Monday, June 18, 2007

From the pamphlet A Member's Eye View of Alcoholics Anonymous

There must come a day, it seems to me, when every alcoholic, in or out of A.A., finally sits down in the presence of his enemies. When he does, he will be amazed to discover that he is attending a meeting of one - himself. The day the alcoholic in A.A. realizes that his enemy is within, that the tigers are largely creatures of his own design and lurk in his own unconscious, that is the day when for him A.A. becomes what I believe its founders meant it to be: a flight into reality.

Friday, June 08, 2007

Science versus Spirituality

I heard someone share the other night that science could only make a drug that will make you throw up if you drink or a drug that would dampen your high. Because of this, the AA member concluded that the "spiritual" program would always be needed to help alcohol addicts in their recovery. I believe this is a "straw man" that trivializes or "absurdifies" an opponent's position, in order to trounce the opponent with one's superior logic. Current epigenomic studies – through use of methyls and histones – may provide the basis for completely nullifying the genes that create problem drinking. In such case, AA may find itself in a crisis of relevance. Only blind organizational loyalty would denounce a real cure for alcoholism that does not involve AA literature or practice.

However, it may suprise you that science is a "spiritual" way of life. It requires great discipline, courage, and humility of spirit. It is no accident that many of the great scientists began as religious devotees. (E.g., Copernicus, Newton, Mendel, Darwin.)

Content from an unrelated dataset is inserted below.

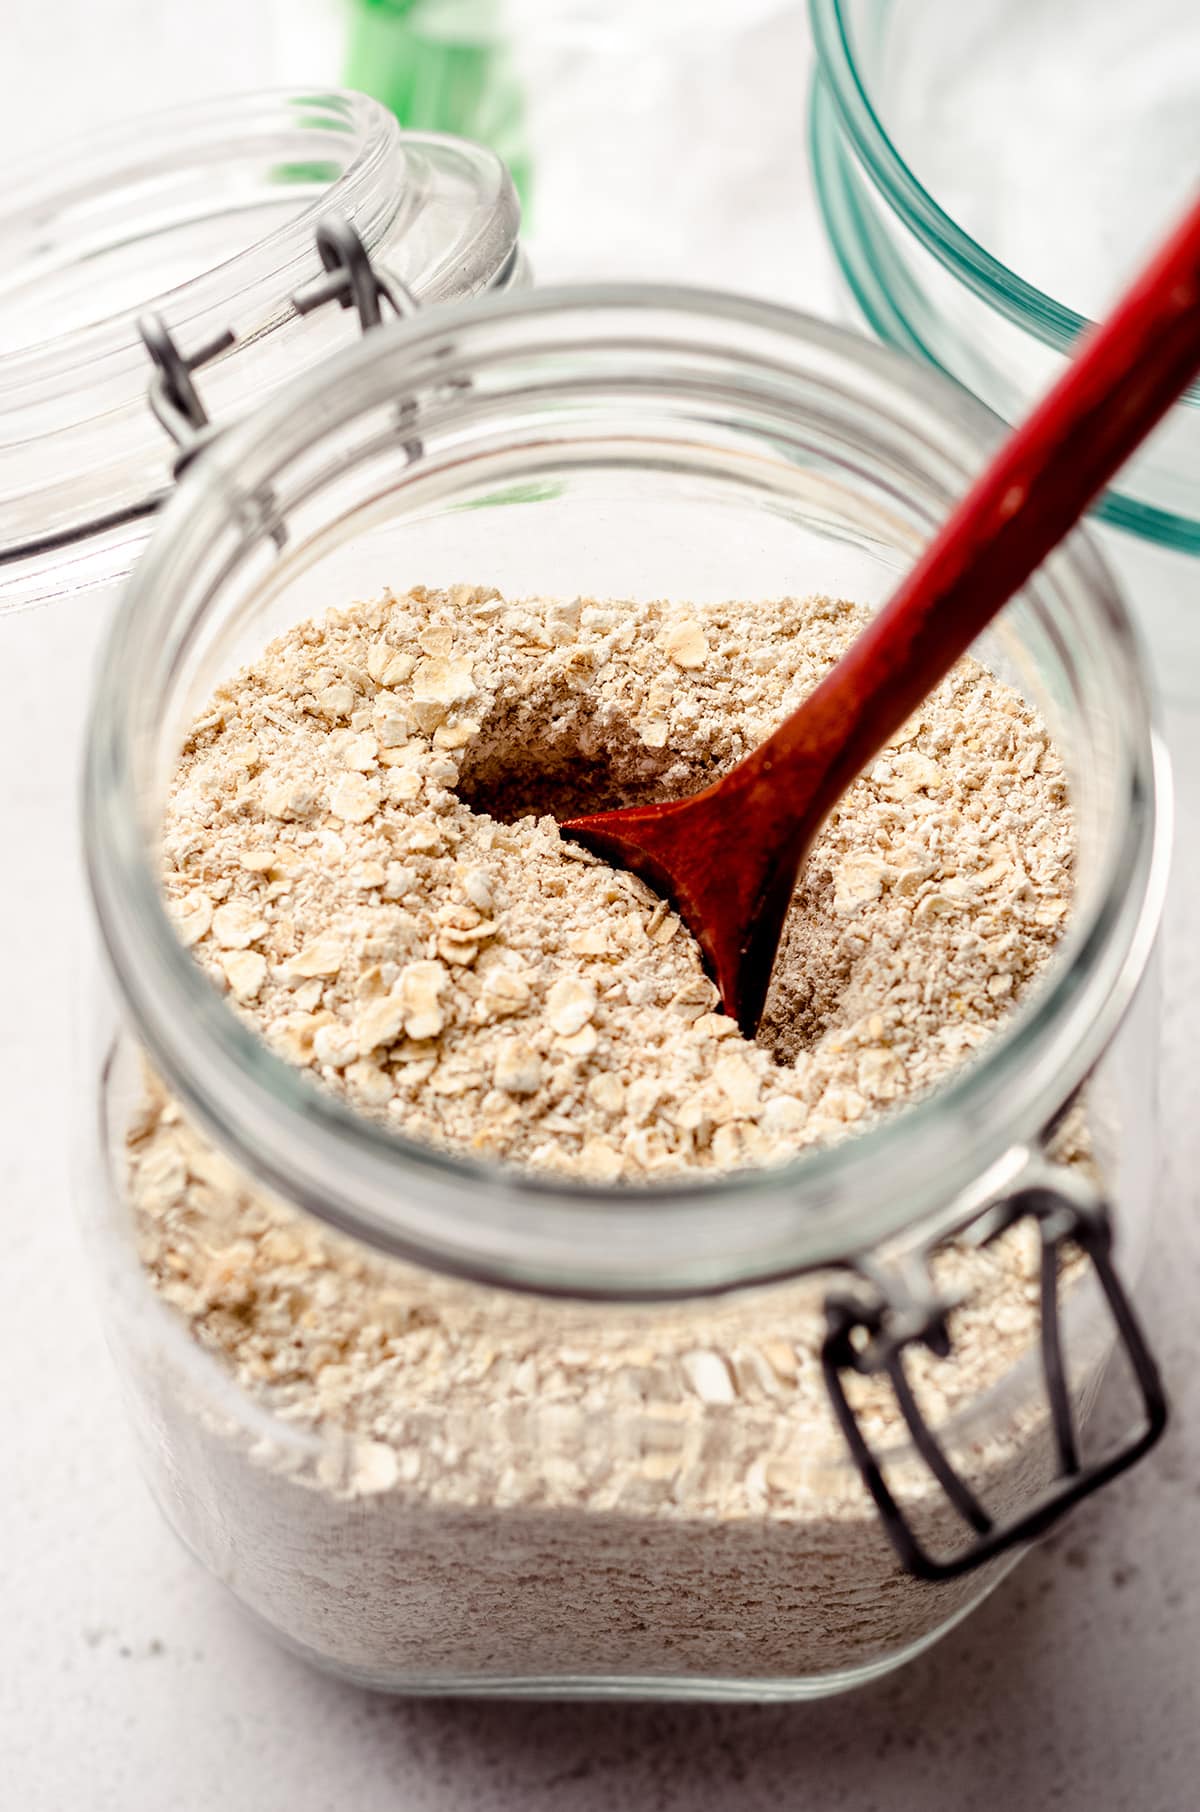 A large jar of oats with a wooden spoon in it.

Science requires its devotees to maintain a state of pragmatic disbelief. Every theory about how things are is maintained as a working hypothesis. These theories may be beloved to the devotee because of time spent working these theories out, but the devotee must always be willing to discard pet theories when they cease accounting for observed phenomena. The devotee is prohibited from saying "This is the case," but is only permitted to say "This seems the case," or "This accounts for all observed phenomena to date."


Science is concerned with understanding the nature of how things behave. Things include people, souls, ghosts, myths, bigotry, fraud, and all the goings-on in a human brain. Nietzsche suggested that all science is revenge against the past. How do we prevent another Hurricane Katrina catastrophe? How do we "don't get fooled again"? Science has developed a highly tuned sense of description that seeks to prevent ambiguity and arguments that are untestable. Science uses the discipline of logic to search for inconsistencies and to weed them out. It's not that science has removed inconsistencies – only that science is aware of them and is disturbed by them. The current state of physics involves a search to reconcile the inconsistent theories of relativity and quantum mechanics. These two sets of understanding both work amazingly well in their area of inquiry, but they cannot both be true. Science knows this, does not deny this, but science seeks to find a theory that can account for both sets of phenomena. The disciplined mind does not settle for fuzzy definitions and theories that are so loose that they are virtually trivialisms. The disciplined mind searches for a theory and then proceeds to knock it down.

If you meet Buddha on the road... kill him.


The devotee is required both to work on creating theories, fleshing them out, and then attacking them. Science tries to eat its young. This reminds me of an ancient Israelite custom of taking in the Passover lamb and raising it as a pet the year before its sacrifice. The family doted over the lamb, the children would sleep with it, but on Passover, the family would take its pet to be slaughtered. A scientist must do the same with the theories that the scientist slaves over. Once a satisfying theory is found, the theory must be tested and retested. Every time the theory withstands the test, the scientist is elated. But each time, the scientist must brace for the theory's collapse.


The scientist, above all, respects reality. To the scientist, reality consists of all observations by anyone at anytime. Some observations are already couched in the terms of a discounted theory, (e.g., a "sunrise") but the scientist must explain the observations of ghosts, unicorns, the flatness of the earth, and any other description of events – honest or not. But just because a scientist must account for such described observations does not mean that the scientist has to accept the observer's explanation of the observation. The scientist must attempt to fit the observation into other tried and trusted tropes of explanation.


We recovering alcohol addicts have found techniques and "gimmicks" that seem to have helped us overcome our cravings. Some of these techniques have been tested in repeated settings and are found to help a certain group of drunks in certain situations. But we must also take pains to recognize and account for the times when these techniques fail. We must catalog them and search for alternative techniques to treat these program-resistant drunks. If AA really holds that service helps to keep one sober, then AA will have to move out of the drunk's way when the drunk isn't helped by AA's literature or program. Intellectual humility and courage demand that we widen AA's scope.